By Donella Meadows
–July 16, 1987–
Last week while I was watching Oliver North testify before Congress, I was also reading a biography of the great American writer E.B. White. I lived alternately in the worlds of North the True Believer and White the Eternal Skeptic.
North said, “I am going to walk out of here with my head up and my shoulders straight because I am proud of our accomplishments.” White wrote about “the needless chaos and the cruelty of a world that is composed of a hundred nations, each spying on the others, each plotting against the others, each concerned almost solely with its own bailiwick and its own stunt.”
I was surprised at how much I sympathized with Ollie North. I don’t agree with any of his beliefs. I don’t think that the Free World is in a struggle for survival, or that covert operations are consistent with democracy, or that arming guerillas can win the hearts, minds, or governments of Third World peoples. But I understand what it is to be a Believer. I like to think of myself as devoted to noble causes. I too can overcome obstacles through courage, persistence, and Shining Purity. I define who I am, magnify my identity, and recognize my enemies through my crusades, just like Ollie.
My friends of the E.B. White type respond to my zeal with alarm. Watch out, there she goes again, off to end hunger or eliminate nuclear weapons or save the tropical forests. Many of these friends are Europeans, and I used to attribute their skepticism to their worn-out continent, their empires in decline.
Now, watching North and reading White, I understand those friends better. Ollie’s obedience to his “superiors”, his burning energy, his glowing righteousness, must bring painful memories to European audiences. Every time Europe has been reduced to rubble, it has been in the name of some glorious cause — Jesus, Mohammed, the King, the Pope, the Fatherland, the Proletariat. Europeans must, like White, find it “sobering to encounter the idealists at work, for they seem to live in a realm of their own, making their plans for the world in much the same way that any common tyrant does.”

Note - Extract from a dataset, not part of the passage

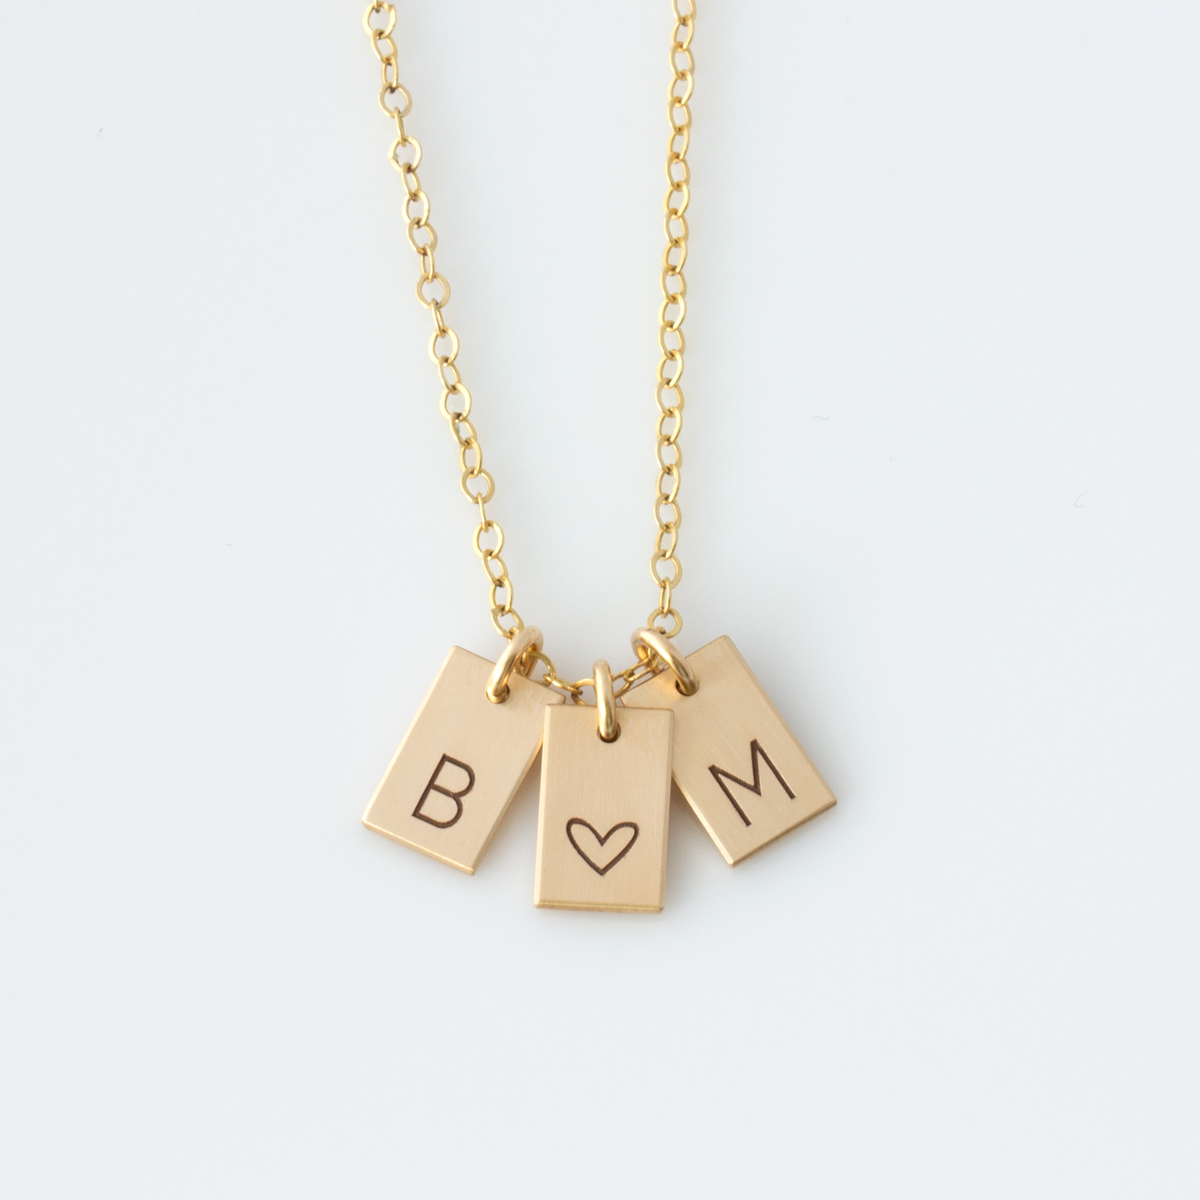 Mini Tags Necklace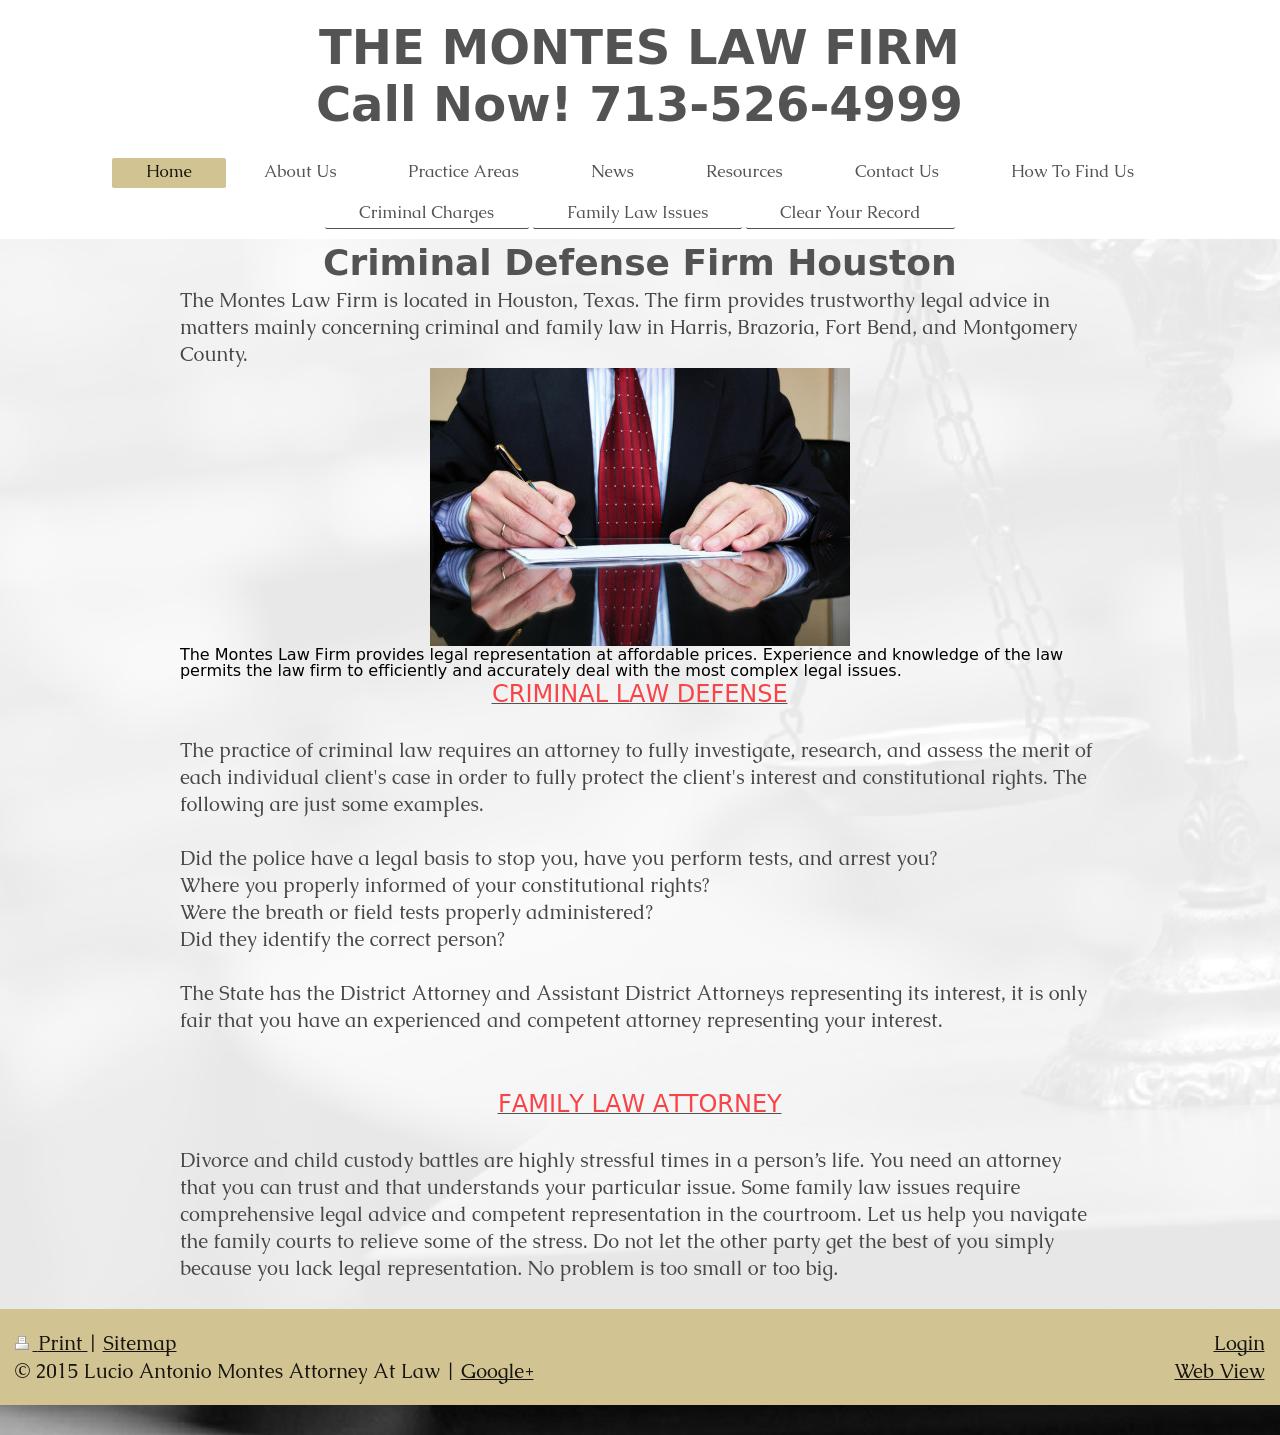 The Montes Law Firm - Houston TX Lawyers

Skeptics never forget the complexity of the world or the smallness and ignorance of any one person. They aren’t sure enough of anything to lay it on everyone else. They trust not in high principles, but in small experiences. White talked about the smell of wet city streets, the look of a barn, the feelings of a simple citizen with great events swirling around him. He didn’t talk about Saving the World for Democracy, unless he was making a joke.
White saw more of the world than just what fit his beliefs. He operated not from a rulebook but from common sense. If he were still around, he would point out that Ollie North’s schemes to defend democracy attracted as partners thugs, international gun-runners, and some of the world’s most undemocratic rulers. He would suspect that the policies being kept so secret — trading arms for hostages and funding contra rebels — were being hidden not from our enemies (who, by Ollie’s own testimony, already knew about them), but from the American people (who, by a large majority, opposed them). He would ask discomforting practical questions: Are we really reducing the number of hostages? Are we at all shaking the Nicaraguans’ faith in their government? Why is it that the harder we push these policies, the less they seem to work?
Above all, White would not interpret opposing opinions as lack of patriotism. Only people out at the dangerous extremes of True Believerdom fail to respect the holders of other beliefs. E.B. White was a patriot himself, as fervent as Ollie North, but his patriotism was prompted by New England snowstorms and tempered by doubts. He wrote:
“To hold America in one’s thoughts is like holding a love letter in one’s hand — it has so special a meaning. Since I started writing this column snow has begun falling again: I sit in my room watching the re-enactment of this stagy old phenomenon outside the window. For this cameo of New England with snow falling, I would give everything. Yet I know that this very loyalty, this respect for one’s native scene — I know that such emotions have had a big part in the world’s wars. Who is there big enough to love the whole planet?”
Love for the Whole Planet. Now that’s my kind of Belief. I could go out and preach it (I do sometimes) and attack or discount or despise anyone who doesn’t properly exhibit it. I hope I won’t, but I’m capable of it.
The trick is to balance the Believer and the Skeptic in me and in all of us. My love for the planet is fine if it’s kept solidly based on the topsoil of my farm. Love for democracy is not dangerous if it’s based on a respect for the opinions of real people, close to me, who, as E.B. White said, “are all full of tiny faults and virtues and whose name is Schmalz and Henderson”. Some small-b beliefs arise naturally out of skepticism — such as the belief that the people ought not to be manipulated, lied to, or subverted by me or Ollie North or any other True Believer, no matter how great the cause.